Over the years, Ethernet has become the most commonly used method for local area networking. The IEEE 802.3 group, the originator of the Ethernet standard, has developed an extension to the standard, known as IEEE 802.3af, that defines supplying power over Ethernet cabling. The IEEE 802.3af standard defines a Power over Ethernet (PoE) system that involves delivering power over unshielded twisted-pair wiring from a Power Sourcing Equipment (PSE) to a Powered Device (PD) located at opposite sides of a link. Traditionally, network devices such as IP phones, wireless LAN access points, personal computers and Web cameras have required two connections: one to a LAN and another to a power supply system. The PoE system eliminates the need for additional outlets and wiring to supply power to network devices. Instead, power is supplied over Ethernet cabling used for data transmission.

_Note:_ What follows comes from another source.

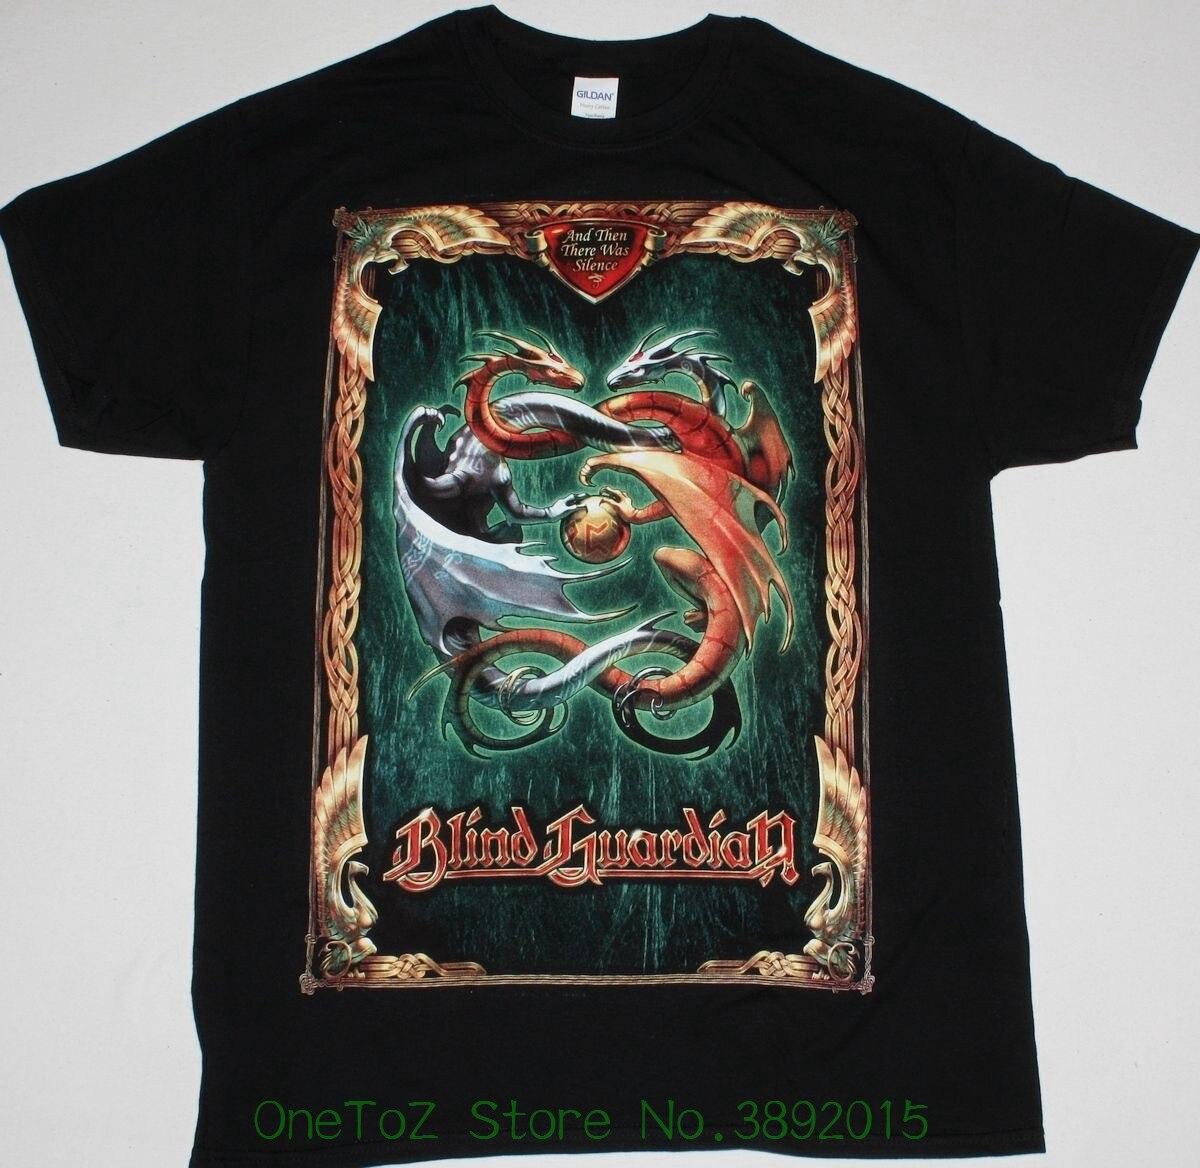 Nueva camiseta de moda para hombre Blind Guard And Then Was Silence gama Ray hellowen nueva camiseta negra
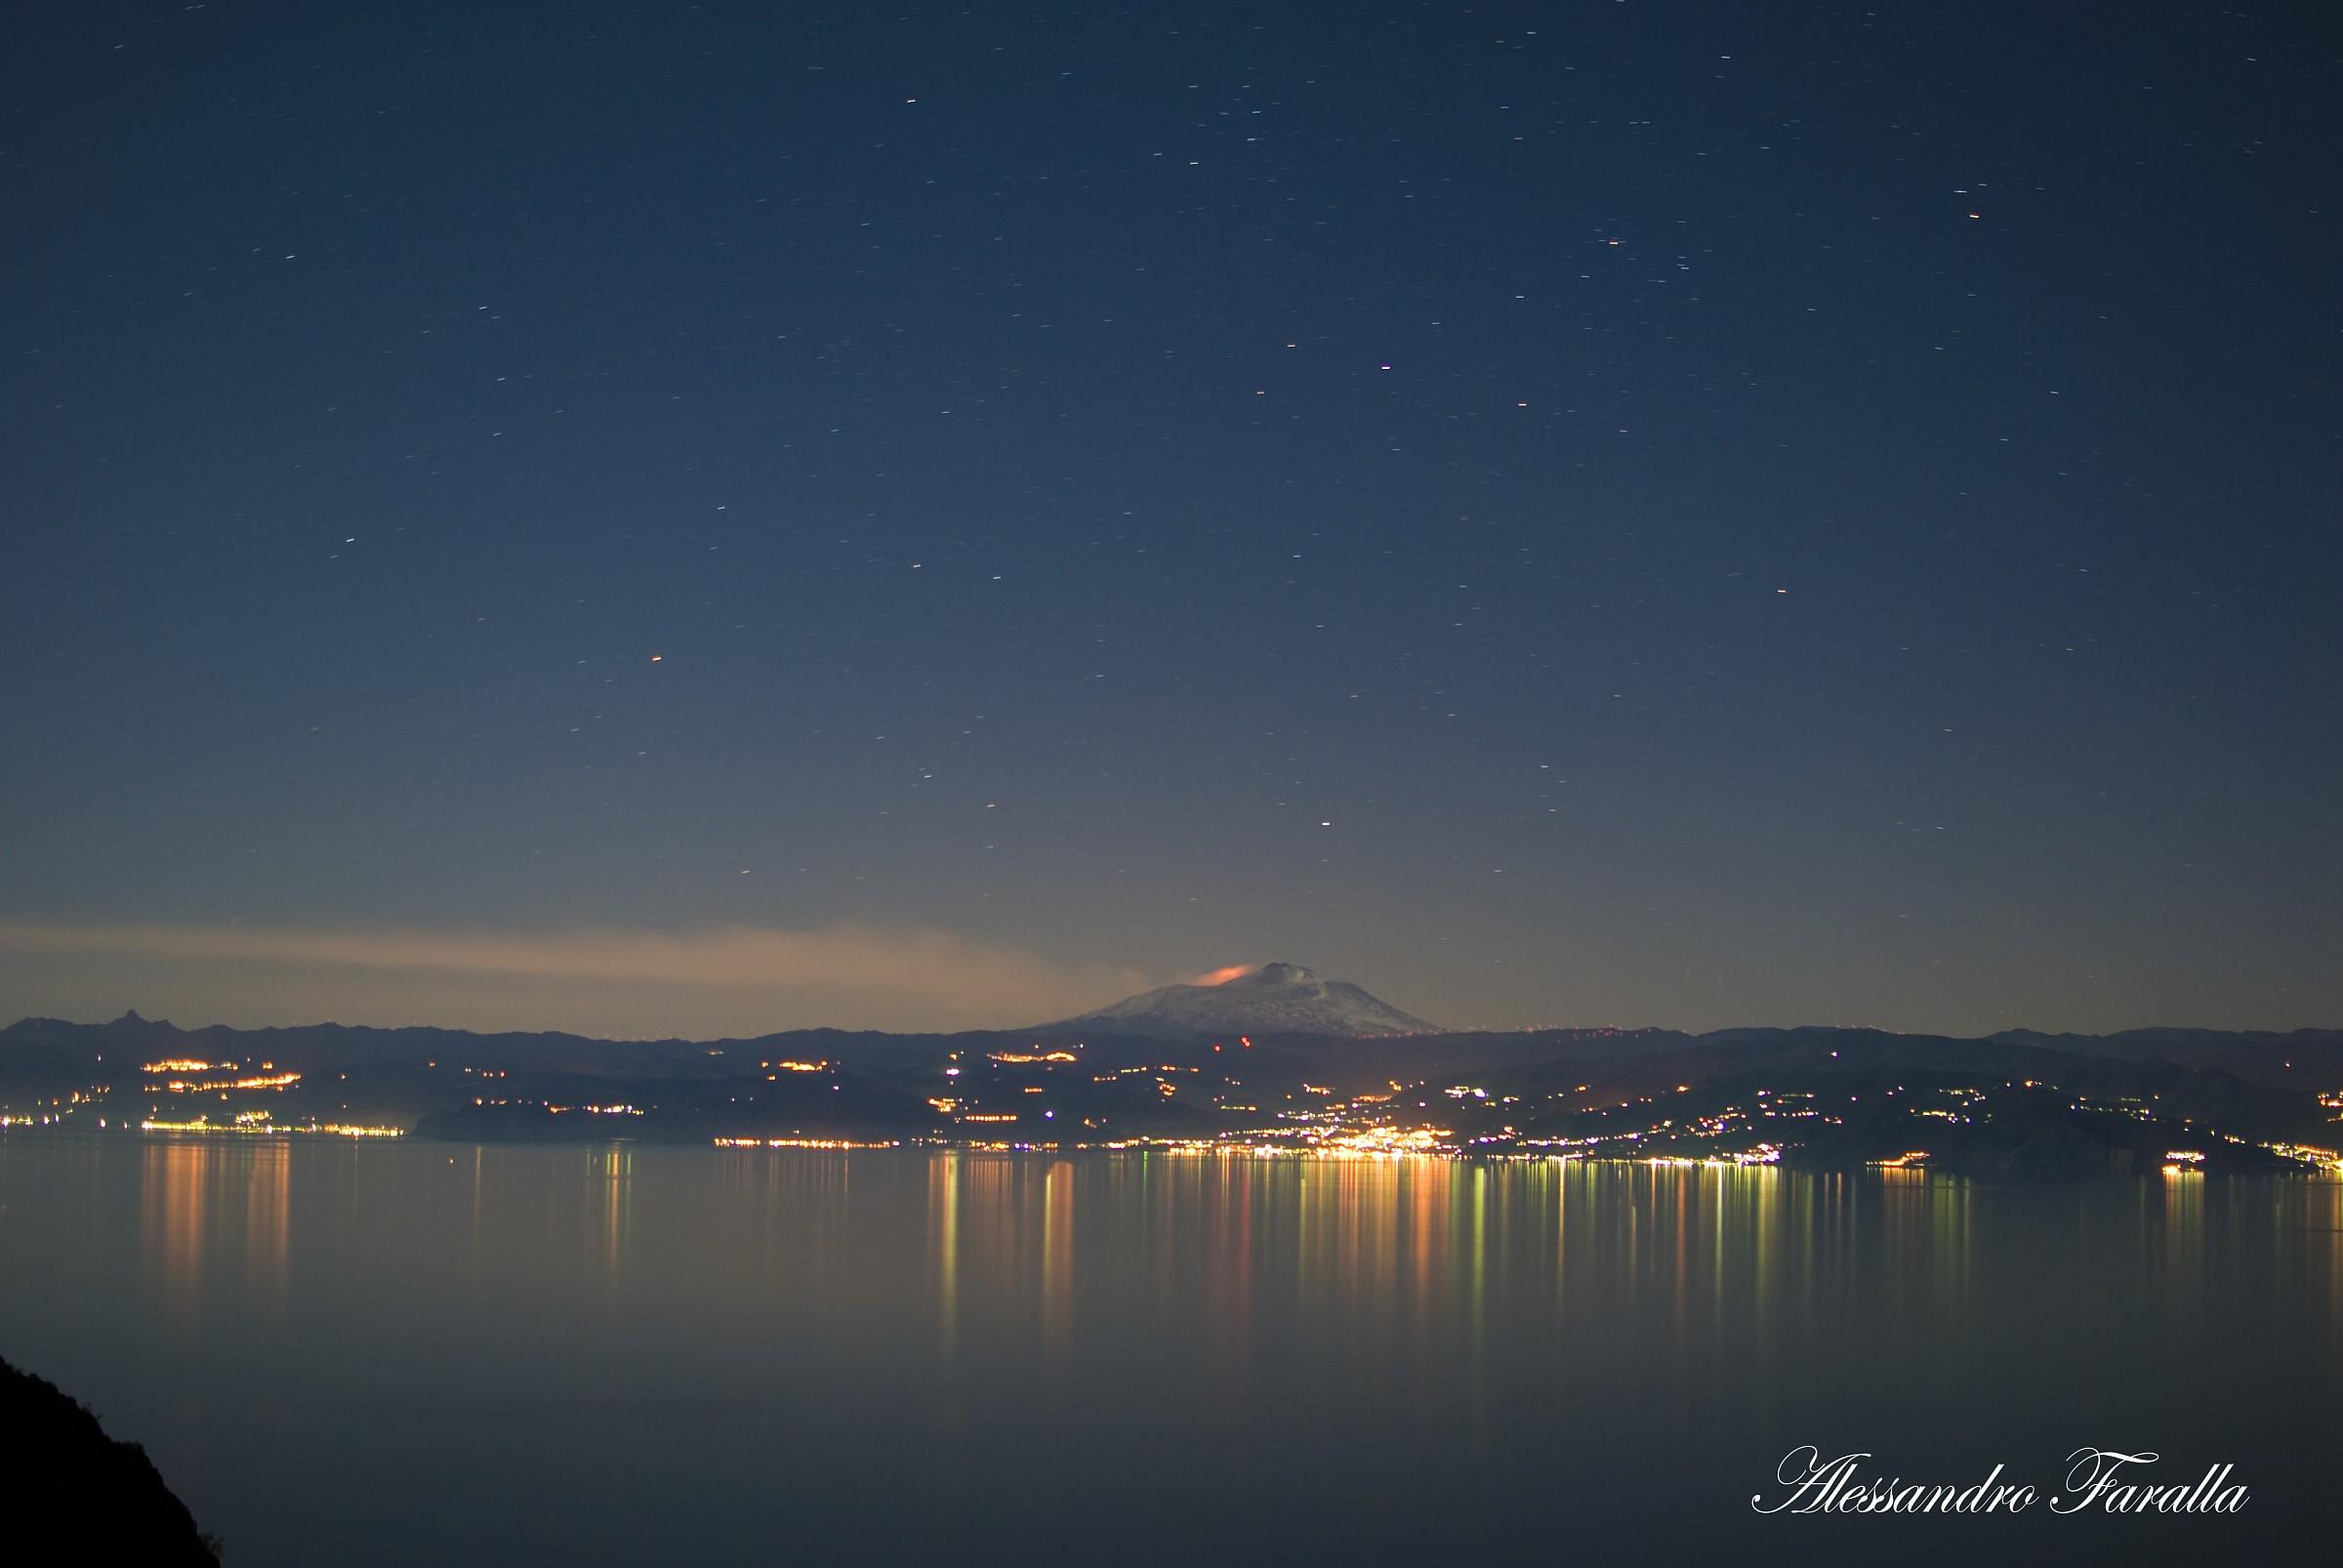 16 02 14 from Etna Volcano...

As defined in the IEEE 802.3af standard, PSE and PD are non-data entities allowing network devices to supply and draw power using the same generic cabling as is used for data transmission. A PSE is the equipment electrically specified at the point of the physical connection to the cabling, that provides the power to a link. A PSE is typically associated with an Ethernet switch, router, hub or other network switching equipment or midspan device. A PD is a device that is either drawing power or requesting power. PDs may be associated with such devices as digital IP telephones, wireless network access points, PDA or notebook computer docking stations, cell phone chargers and HVAC thermostats.
The main functions of the PSE are to search the link for a PD requesting power, optionally classify the PD, supply power to the link if a PD is detected, monitor the power on the link, and disconnect power when it is no longer requested or required. A PD participates in the PD detection procedure by presenting a PoE detection signature defined by the IEEE 802.3af standard.
If the detection signature is valid, the PD has an option of presenting a classification signature to the PSE to indicate how much power it will draw when powered up. Based on the determined class of the PD, the PSE applies the required power to the PD.
In typical 802.3af PoE application, a PSE has active current control in a low-side power supply line between the PSE port and a more negative power supply lead of a pair of power supply leads. This current control provides functions of current limiting and circuit breaking. To meet safety requirements, a fuse or positive temperature coefficient (PTC) device is conventionally used in a high-side power supply line between the PSE port and a more positive power supply lead of the pair of power supply leads, to protect against excessive current in the event of failure of the low-side current limiting.
The problem with this configuration is that over a large temperature range, the fusing current of the fuse or PTC device varies greatly. The fuse or PTC device must guarantee fusing at the current mandated by safety standards when the ambient temperature is very cold. The current that this device can reliably carry without fusing at a high ambient temperature is significantly less.
To support high-power PoE systems, current levels in a PoE should be increased. When current levels are increased, the margin between the fuse current and the safe operating current is reduced to a point at which it is difficult to guarantee maintaining proper fuse operation over a large temperature range.
Therefore, it would be desirable to create an advanced current control mechanism that would reliably support high-power PoE operations over a large temperature range.